Sul grafico, il CL-OIL scambiava a 97,859, in rialzo di 0,107 (+0,11%) alle 05/15 04:20:34 GMT+3. Il massimo di seduta è stato 97,929, il minimo 97,184, apertura 97,732 e chiusura 97,520.
Il mercato non si muove più solo sui titoli di una tregua. Gli operatori vogliono segnali concreti che le navi possano tornare a navigare in sicurezza. Il blocco navale USA dei porti iraniani resta in vigore: per blocco navale si intende l’impedimento, anche militare, all’entrata e uscita delle navi. Le acque attorno a Hormuz restano pericolose per le navi commerciali.
Una nave commerciale è stata sequestrata da persone non autorizzate vicino all’ingresso dello stretto e condotta verso acque iraniane, aumentando il premio per il rischio legato alla navigazione: è la parte di prezzo che riflette paura di interruzioni. Un gruppo navale britannico ha riferito che la nave è stata presa al largo di Fujairah e diretta verso acque iraniane. Altre fonti collegano l’episodio al controllo esercitato da Teheran sulle rotte della regione.

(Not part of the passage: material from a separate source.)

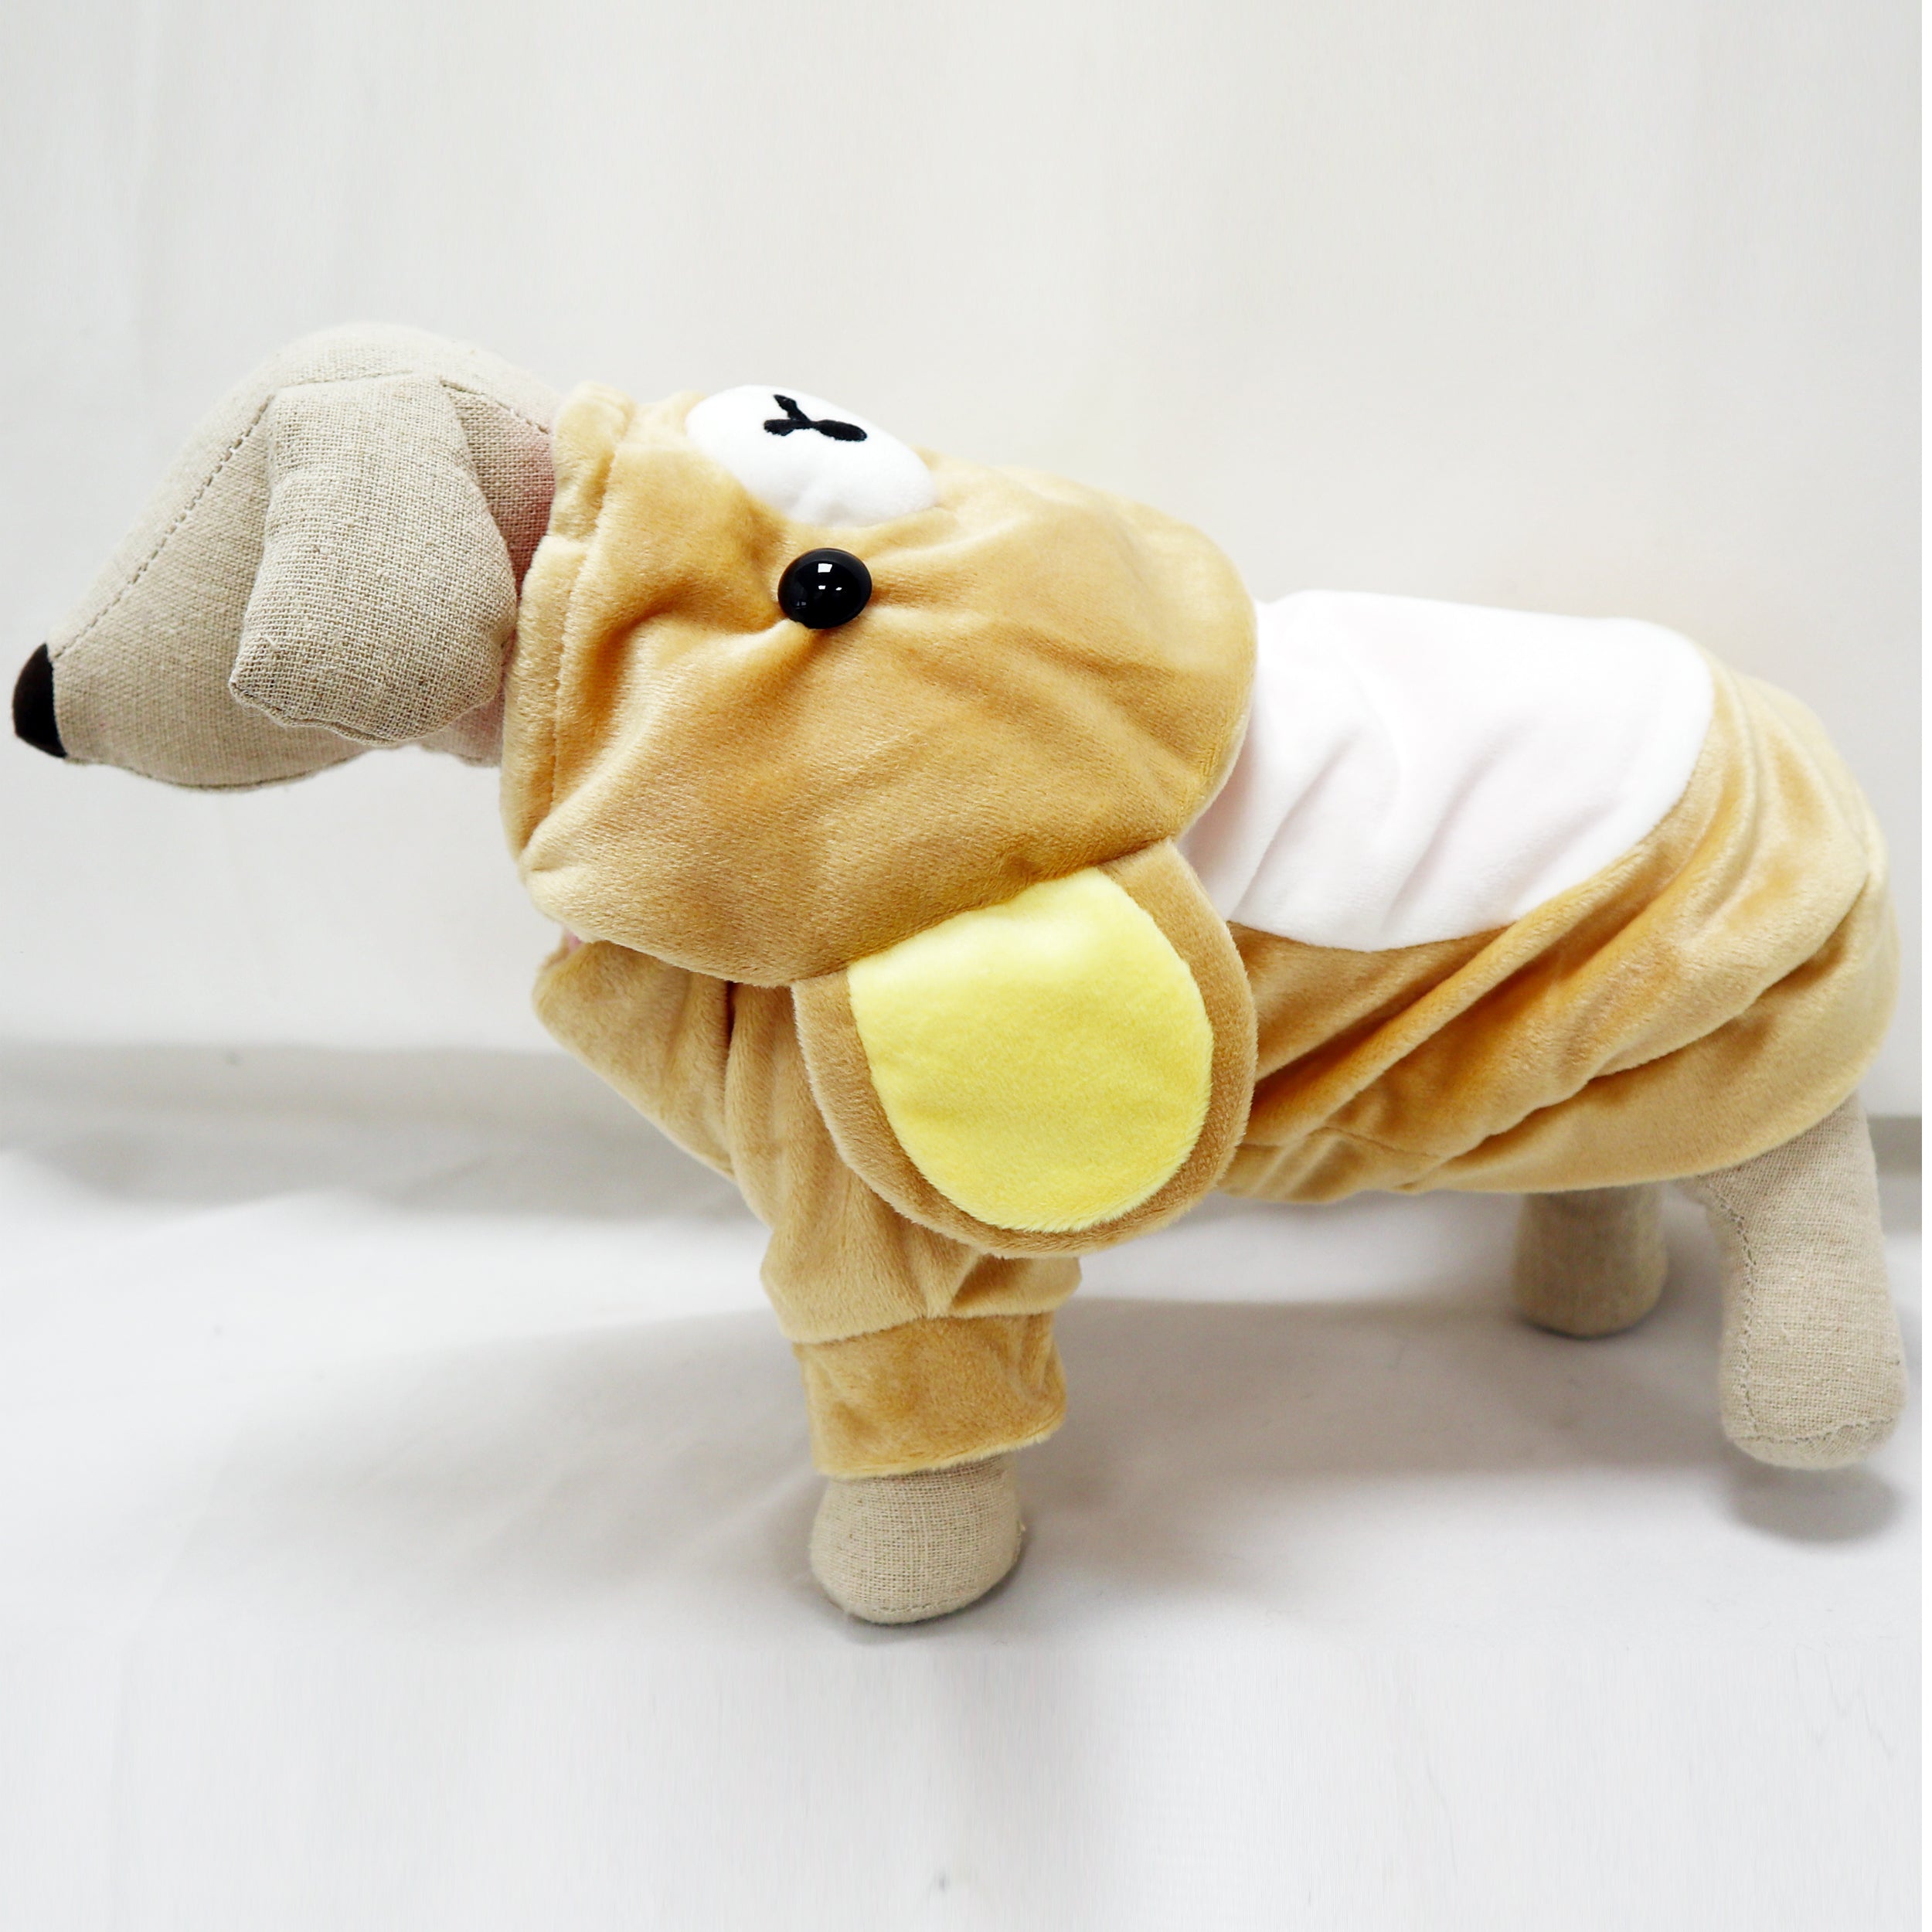 [Apparel] Rilakkuma & Korilakkuma Cute Bear Sweater Costume for Small Dogs & Cats

Colloqui Trump-Xi: domanda e diplomazia
Gli operatori hanno seguito anche il vertice Trump-Xi. Trump ha incontrato giovedì il presidente cinese Xi Jinping. Secondo un funzionario della Casa Bianca, hanno parlato di mantenere aperto lo Stretto di Hormuz per sostenere il commercio di energia e di aumentare i flussi di petrolio dagli USA verso la Cina. La nota ufficiale cinese non cita l’energia, ma indica che si è parlato di Medio Oriente.
La differenza tra le versioni USA e Cina spinge alla cautela. Se Pechino e Washington si allineano sui flussi energetici, il petrolio potrebbe perdere parte del premio “panico” (sovrapprezzo dovuto all’urgenza di coprirsi dal rischio). Se dal vertice non emerge una via chiara, il mercato continuerà a prezzare il rischio che Hormuz resti un collo di bottiglia, cioè un punto che limita il passaggio, durante l’estate nell’emisfero nord.
Conta anche la Cina perché, secondo ricostruzioni, l’Iran ha iniziato a far transitare alcune navi cinesi nello Stretto di Hormuz dopo un’intesa tra Teheran e Pechino. Da lì passa circa il 20% delle spedizioni mondiali di petrolio e gas: anche una riapertura parziale può cambiare le attese sull’offerta.
Trump ha aggiunto incertezza con un post su Truth Social venerdì mattina, parlando di “decimazione militare dell’Iran (che continuerà!)” e dicendo di sperare in un rapporto con la Cina “più forte e migliore che mai”. Gli operatori restano divisi tra diplomazia e rischio di nuova escalation.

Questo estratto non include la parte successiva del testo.